OF SUNESIS PHARMACEUTICALS, INC.

SUNESIS PHARMACEUTICALS, INC. (the “Corporation”), a corporation organized and existing under and by virtue of the General Corporation Law of the State of Delaware, does hereby certify:

FIRST: The name of the Corporation is Sunesis Pharmaceuticals, Inc.

SECOND: The original name of this company was Mosaic Pharmaceuticals, Inc., and the date of filing the original Certificate of Incorporation of this company with the Secretary of State of the State of Delaware was February 10, 1998.

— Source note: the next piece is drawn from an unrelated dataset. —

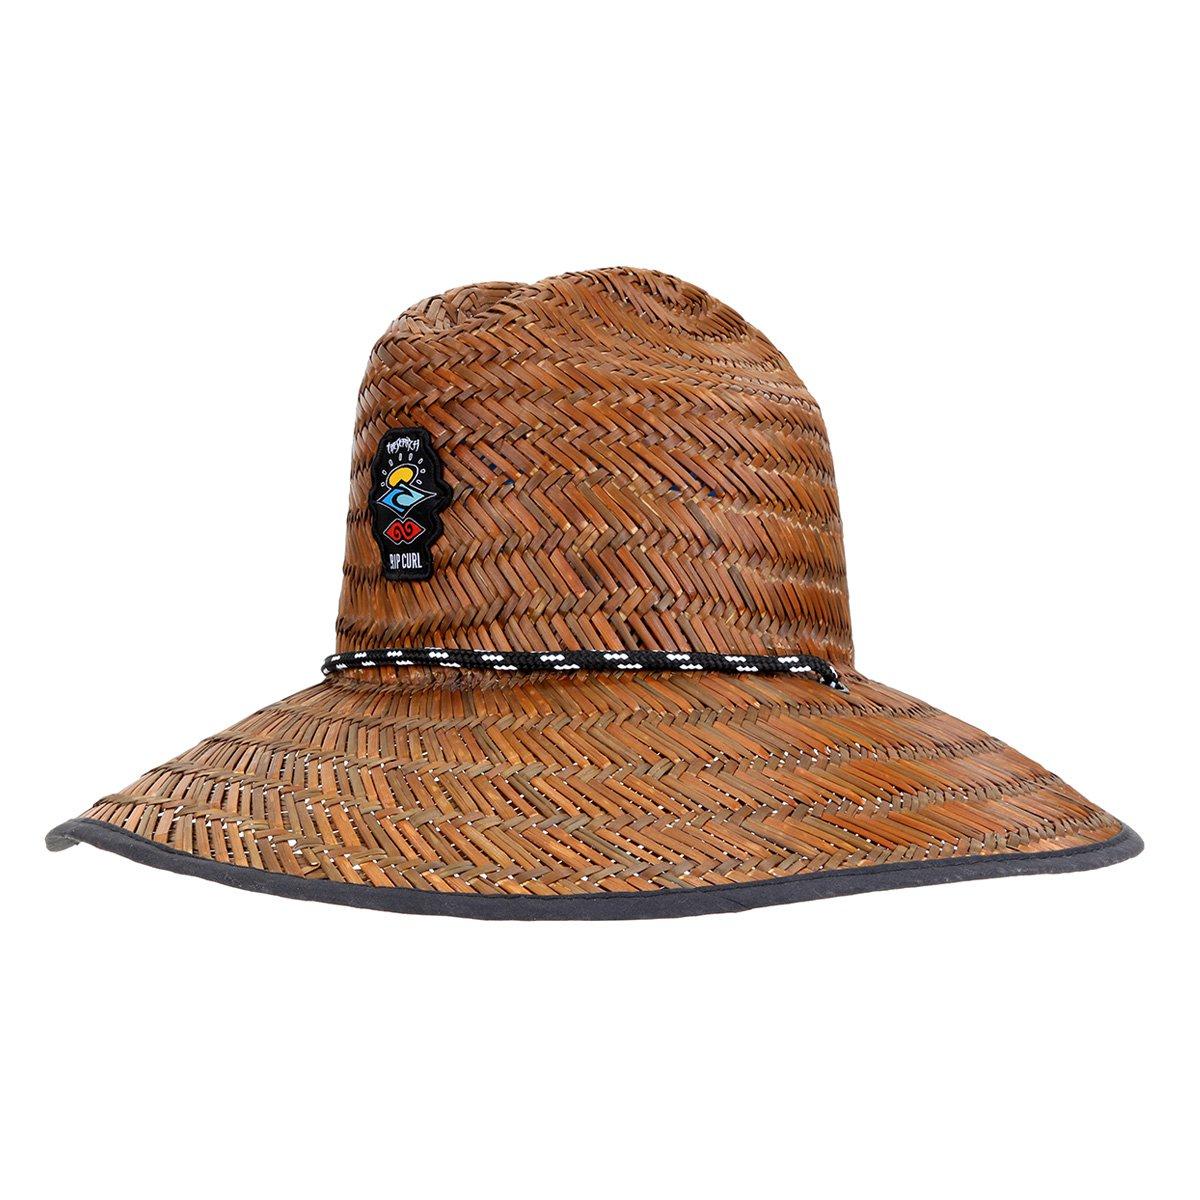 Chapéu de Palha Rip Curl Icons Straw Masculino

THIRD: The Board of Directors of the Corporation, acting in accordance with the provisions of Sections 141 and 242 of the General Corporation Law of the State of Delaware, adopted resolutions amending its Amended and Restated Certificate of Incorporation as follows:

Article IV, Paragraph A shall be amended to add the following provisions in their entirety to the existing provisions of Article IV, Paragraph A:

“Effective as of 5:00 p.m., Eastern time, on the date this Certificate of Amendment to the Amended and Restated Certificate of Incorporation is filed with the Secretary of State of the State of Delaware (the “Effective Time”), each six (6) shares of the Corporation’s Common Stock, par value $0.0001 per share, issued and outstanding prior to the Effective Time shall, automatically and without any action on the part of the respective holders thereof, be combined and converted into one (1) share of Common Stock, par value $0.0001 per share, of the Corporation, and each six (6) shares of the Corporation’s Preferred Stock, par value $0.0001 per share, issued and outstanding prior to the Effective Time shall, automatically and without any action on the part of the respective holders thereof, be combined and converted into one (1) share of Preferred Stock, par value $0.0001 per share, of the Corporation. No fractional shares shall be issued and, in lieu thereof, any holder of less than one share of Common Stock shall, upon surrender after the Effective Time of a certificate which formerly represented shares of Common Stock that were issued and outstanding immediately prior to the Effective Time, be entitled to receive cash for such holder’s fractional share based upon the closing sales price of the Corporation’s Common Stock as reported on the NASDAQ Capital Market on the date this Certificate of Amendment to the Amended and Restated Certificate of Incorporation of the Corporation is filed with the Secretary of State of the State of Delaware, and any holder of less than one share of Preferred Stock shall, upon surrender after the Effective Time of a certificate which formerly represented shares of Preferred Stock that were issued and outstanding immediately prior to the Effective Time, be entitled to receive cash for such holder’s fractional share based upon the then fair value of the Preferred Stock as determined by the Board of Directors.”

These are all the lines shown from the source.